La coalizione dei “volenterosi” sta portando avanti le operazioni militari per imporre la no-fly zone sulla Libia, in attesa che intervenga direttamente la NATO. L’accerchiamento di Bengasi è stato rotto, ma le truppe fedeli a Gheddafi sembrano aver preso Misurata dopo una battaglia che infuriava da molti giorni. I bombardamenti autorizzati dal Consiglio di Sicurezza delle Nazioni Unite – il 17 marzo scorso, a difesa dei civili della Cirenaica – hanno già provocato i primi morti, altrettanto civili a Tripoli e non hanno mancato di suscitare la presa di distanza di Russia, Cina, Unione Africana e Lega Araba. Appare così in tutta la sua debolezza il compromesso della risoluzione 1973 che autorizza l’imposizione di una no-fly zone sulla Libia, senza però prendere una posizione esplicita verso la cacciata di Gheddafi da Tripoli.
La disponibilità offerta da Qatar, Emirati Arabi Uniti e Arabia Saudita a partecipare alle operazioni militari ha una portata assolutamente secondaria e non può certo bastare a coprire il carattere marcatamente occidentale dell’operazione in corso in Libia, tanto più che la Lega Araba ha esplicitamente dichiarato che i bombardamenti sono andati oltre il senso della risoluzione concordata. Il rischio è che la Libia si trasformi in un altro Iraq o Afghanistan (che è poi lo stesso di una Somalia senza montagne). Rimane sicuramente giusta e va perseguita con decisione la difesa dei diritti umani e della vita di tanti libici che sono insorti contro il regime, ma lo scenario è troppo complesso e gli interessi in gioco troppo compositi per non far dubitare della completa genuinità delle motivazioni e degli intenti di chi oppone armi alle armi.

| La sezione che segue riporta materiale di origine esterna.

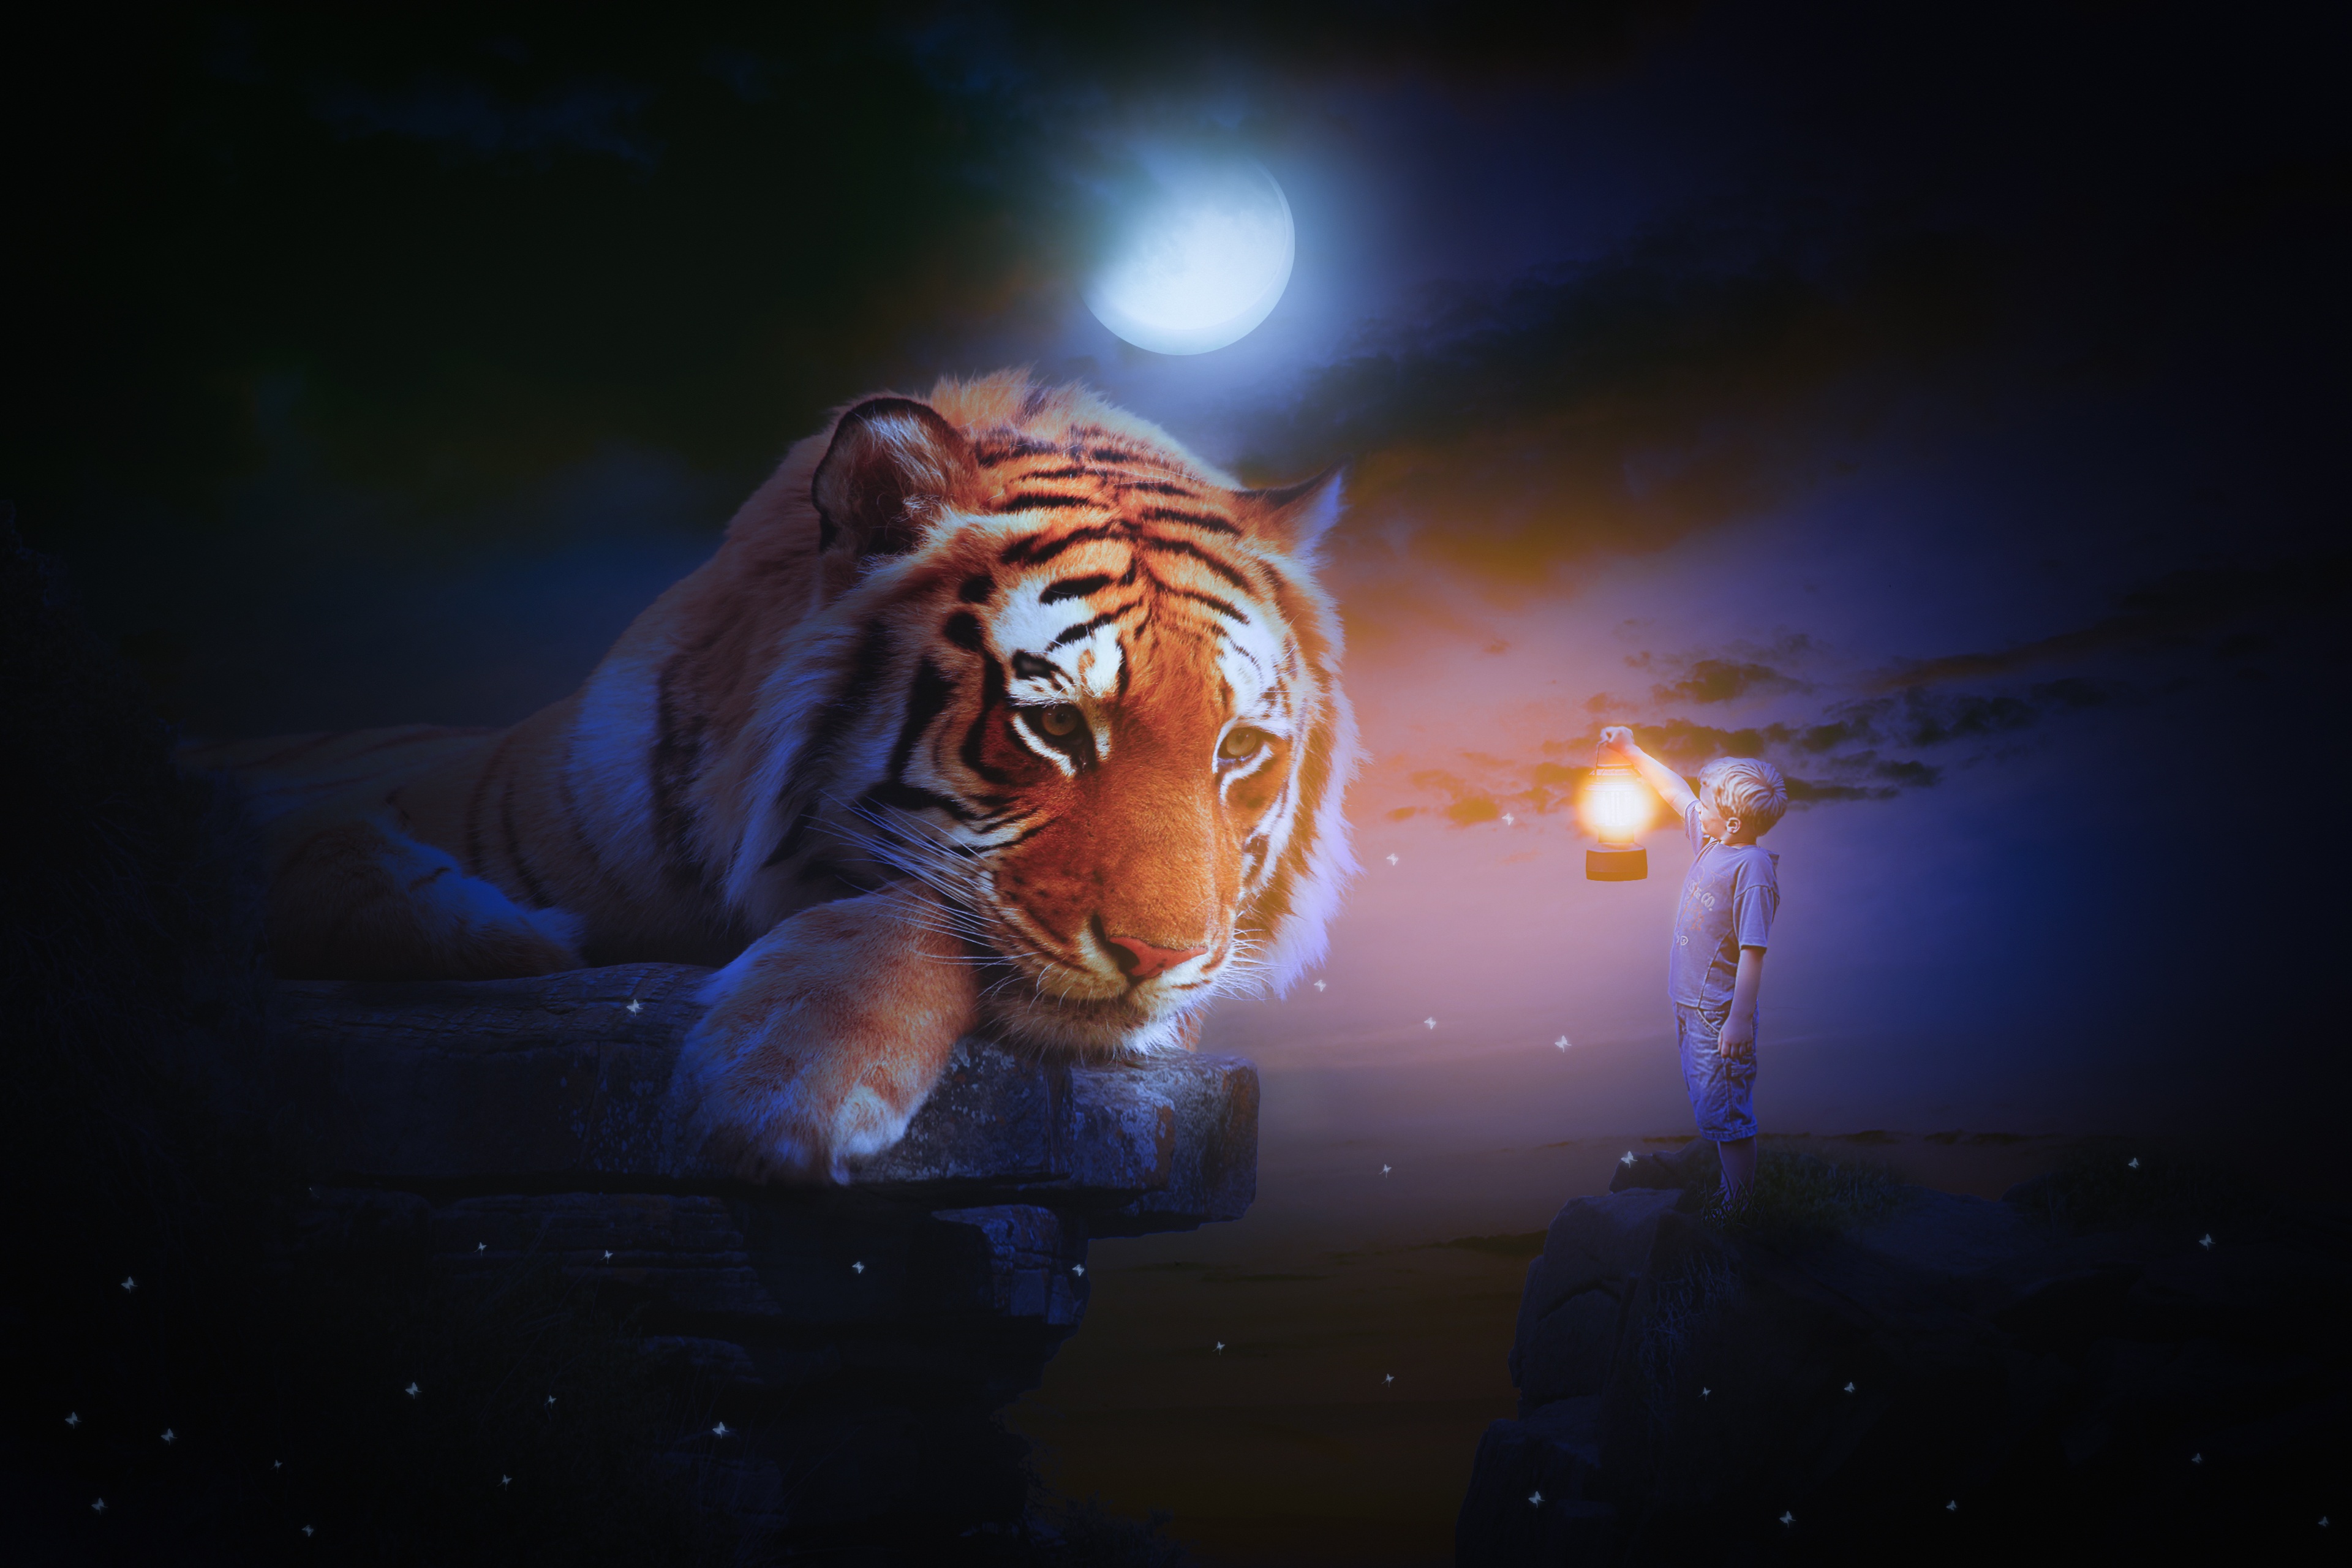 Wallpapers moonlight boy tiger on the desktop

In particolare la mossa di Sarkozy che ha fatto di tutto per essere il primo a dare il via alle operazioni militari va messa in relazione diretta con quelle posizioni (neo)imperiali che la Francia vorrebbe guadagnare in Libia e ha sempre più difficoltà a difendere in Africa, scalzata dalla Cina, oggi terzo partner commerciale del continente africano (subito dopo Usa e Francia) e, non a caso, astenutasi a New York sulla risoluzione 1973. Gheddafi ci accusa di “volere il petrolio libico” e almeno su questo è difficile dargli torto: una buona dose di doppiezza è evidente nelle diverse decisioni adottate per la risoluzione delle crisi che stanno scuotendo il mondo arabo. Non si capirebbe altrimenti perché il regime saudita (irrispettoso dei diritti umani quanto il Colonnello Gheddafi, ma prezioso alleato per la strategia statunitense nel Golfo persico) abbia potuto intervenire militarmente in Bahrein per sedare la locale rivolta di popolo contro la dinastia regnante sunnita o perché un’altra protesta popolare contro il regime dello Yemen (dove non c’è il petrolio) non riceva tutta l’attenzione e l’appoggio del caso da parte della comunità internazionale.
Lo spirito di auto-conservazione di Gheddafi e dei suoi accoliti si unisce all’intento dichiarato di evitare la separazione del paese. Il colonnello sembra deciso a trasformare la Jamahiriya (letteralmente, “regime delle masse”) dal vagheggiato governo delle masse, appunto, a una mobilitazione militare di massa, distribuendo armi ai civili inquadrati nei comitati popolari. La “crisi libica” è in realtà una guerra civile dove una parte della popolazione (piaccia o meno dirlo) sta con Gheddafi, in particolare tutte quelle migliaia di persone che sono impiegate nella burocrazia che in uno Stato come quello libico costituisce una delle principali fonti di impiego. Entrambi i contendenti, lealisti e rivoltosi, dichiarano di lottare per una nazione libica unita con Tripoli capitale, ma è evidente il rischio che entrambe le visioni per una nuova Libia risultino male accette per una parte o l’altra di un paese virtualmente spaccato tra Tripolitania e Cirenaica e che l’intervento esterno finisca per acuire questa percezione nella parte “cattiva” del paese.
All’Italia non rimane che festeggiare il centesimo anniversario della guerra di Libia combattuta contro l’allora Impero ottomano con un nuovo intervento militare nell’ex colonia. La baldanza del ministro della Difesa La Russa nel rivendicare all’Italia un ruolo in prima fila – e assolutamente attivo alla pari degli amici francesi, inglese e statunitensi – sconta tutta l’incapacità dimostrata dal nostro paese nel perseguire, con maggiore convinzione, una soluzione politica alla guerra civile libica. In assonanza con quei principi di amicizia e non ingerenza reciproca negli affari interni che l’Italia, per prima, ha dichiarato di ritenere “sospesi” dopo averli sottoscritti con lo storico accordo del 2008.